Kew's Herbarium should stay put
Country Life UK|September 20, 2023
TO describe the Herbarium at Kew Gardens as its beating heart could be seen as ironic—all the plant specimens it contains are as dead as the dodo—but its importance to science and the future of the world’s botanical riches cannot be underestimated.
Alan Titchmarsh
Kew's Herbarium should stay put

Seven million dried and pressed or pickled and preserved plants are cared for within its walls, which first gave it a home in 1852. The Herbarium’s website will tell you that: ‘In 1877, the need for greater space, due to botanical exploration of the British Empire, led to the first wing being added. Three further wings were added between 1903 and 1969, with further expansion into the quadrangle in 1989, and a modern wing with climate control was added in 2010.’

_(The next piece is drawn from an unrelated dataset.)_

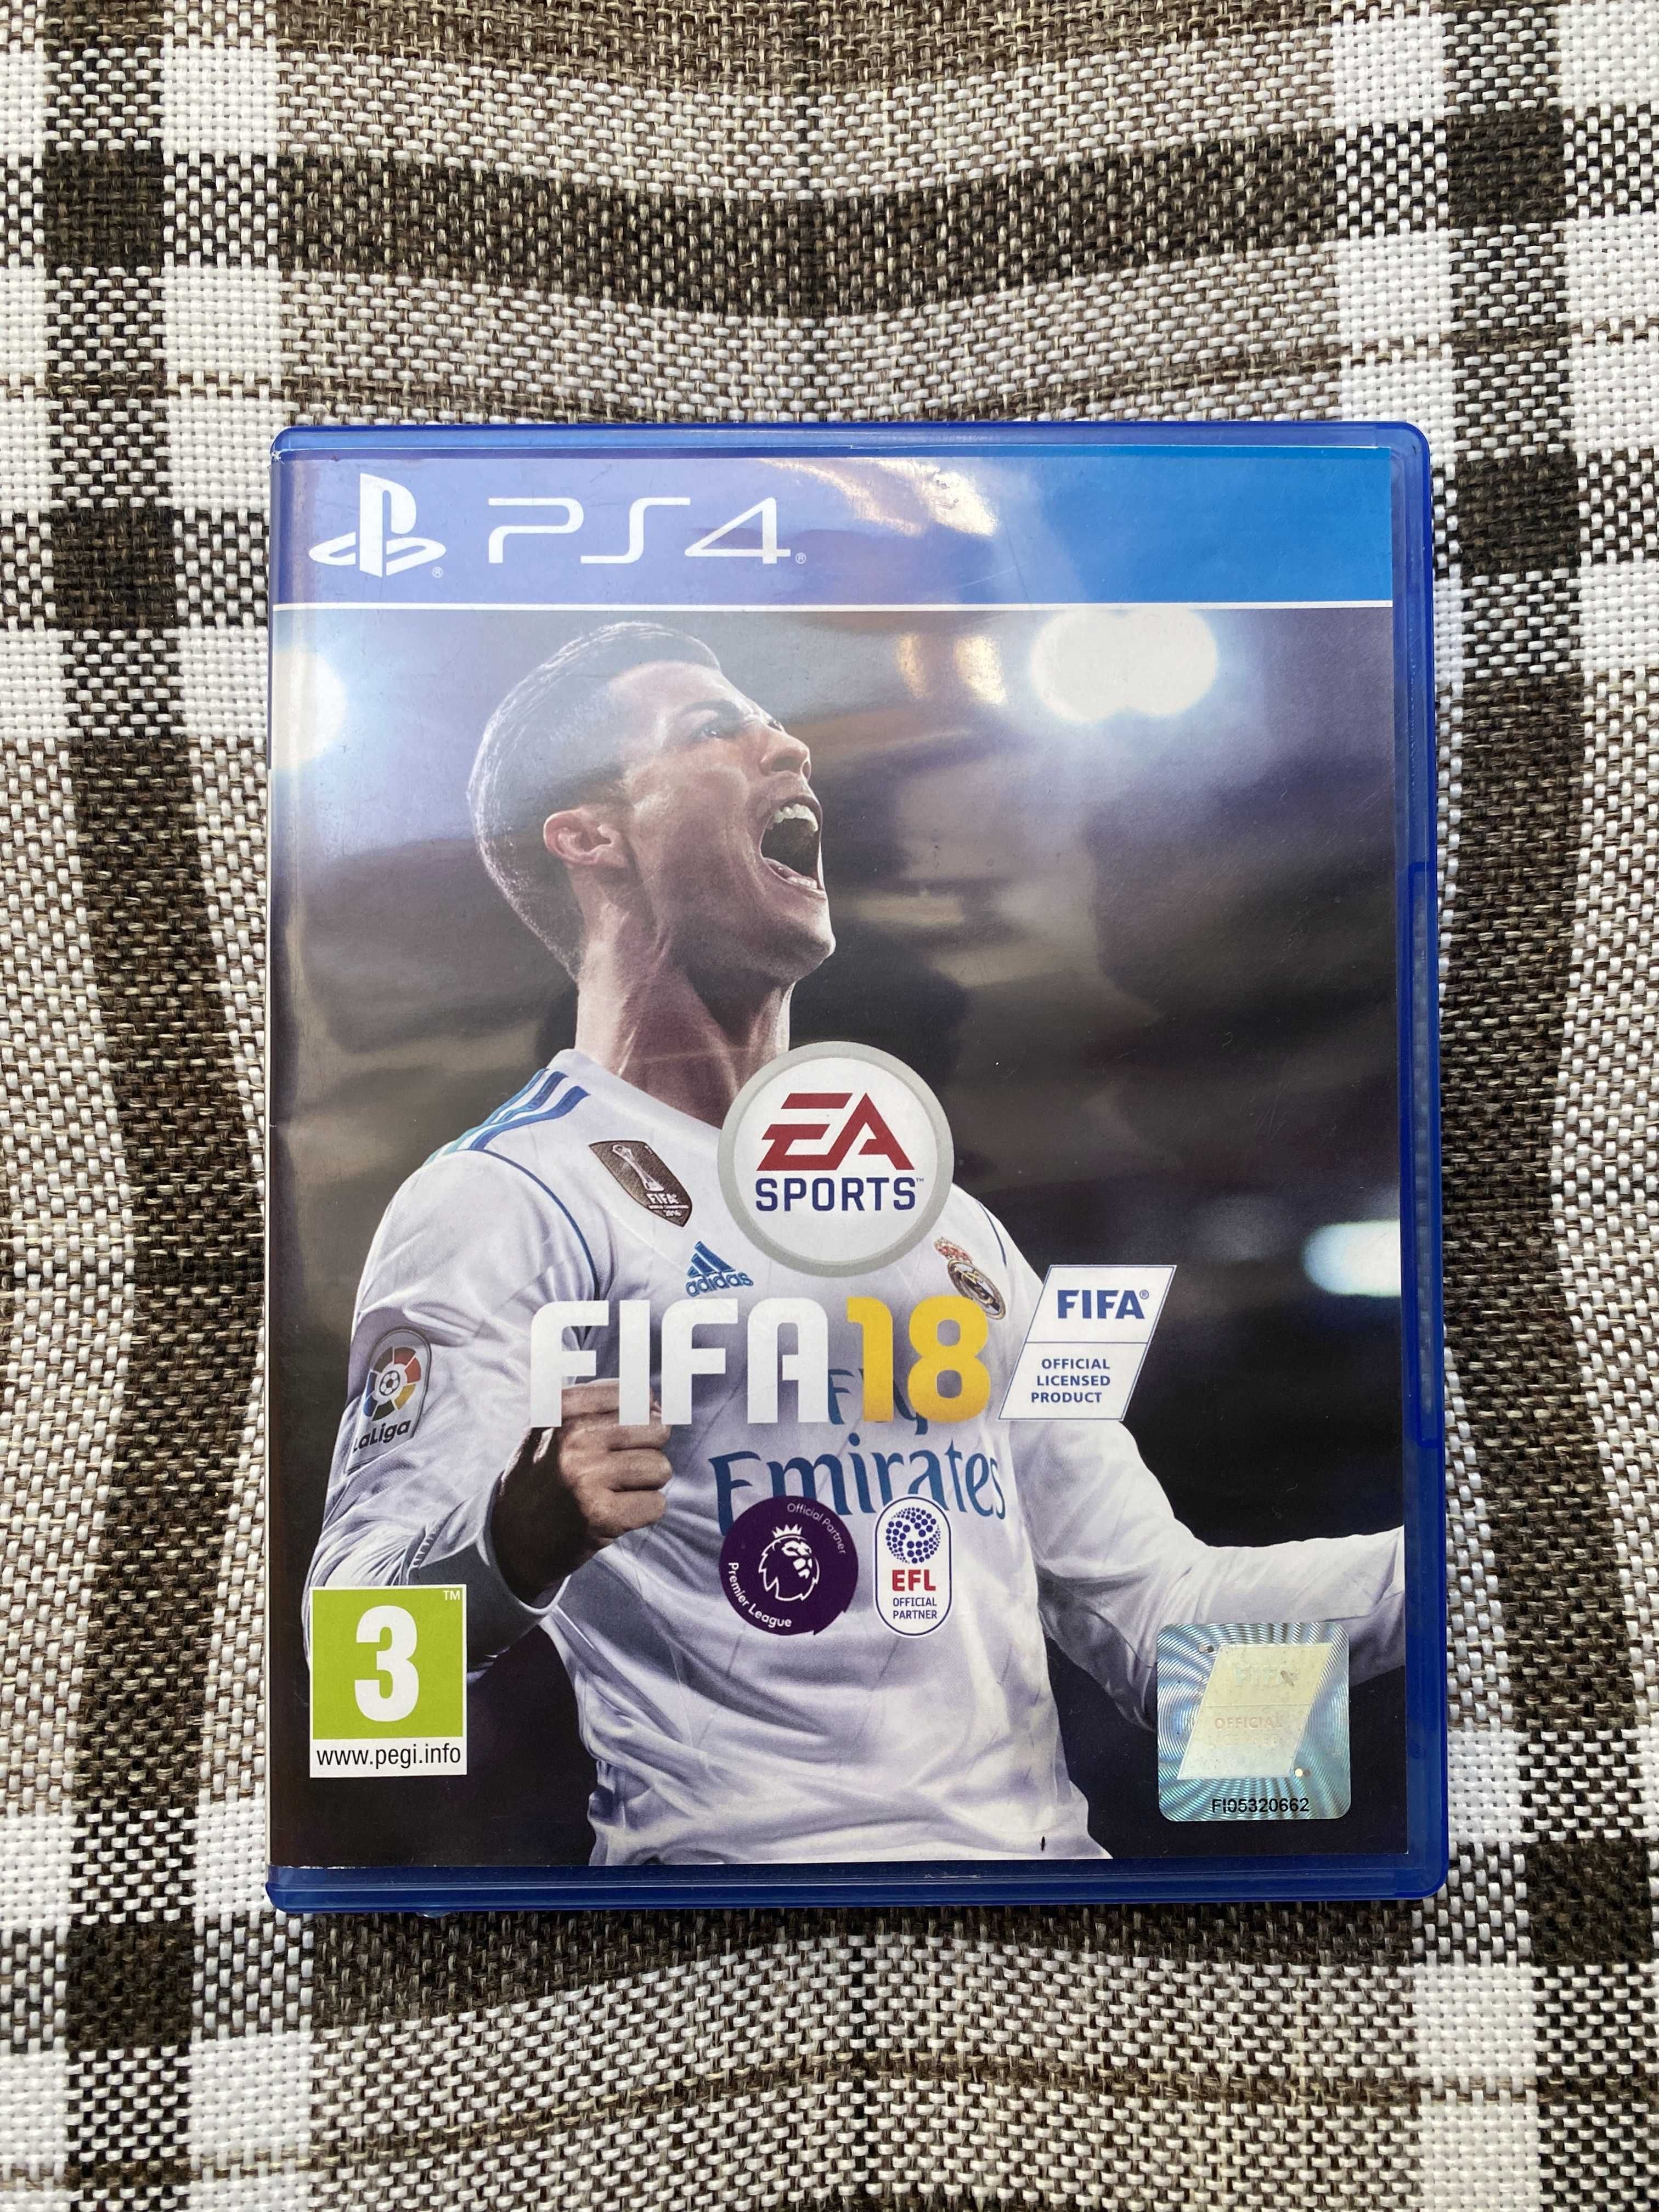 PS4 konsola Fifa 18 gra

About 20,000 specimens are added to the collection every year and some 10,000 are sent out as ‘loan or exchange material’ to scientists around the world. The oldest pieces date from the collection formed as the Petiver Herbarium, founded in India by one Samuel Brown in 1696. The very plants collected in the wild by Capt Cook, Sir Joseph Banks and Charles Darwin sit in their cabinets, pressed, preserved, annotated and described, together with new plant material still making its way to Kew from botanists in remote parts of the globe, where discoveries are still being made.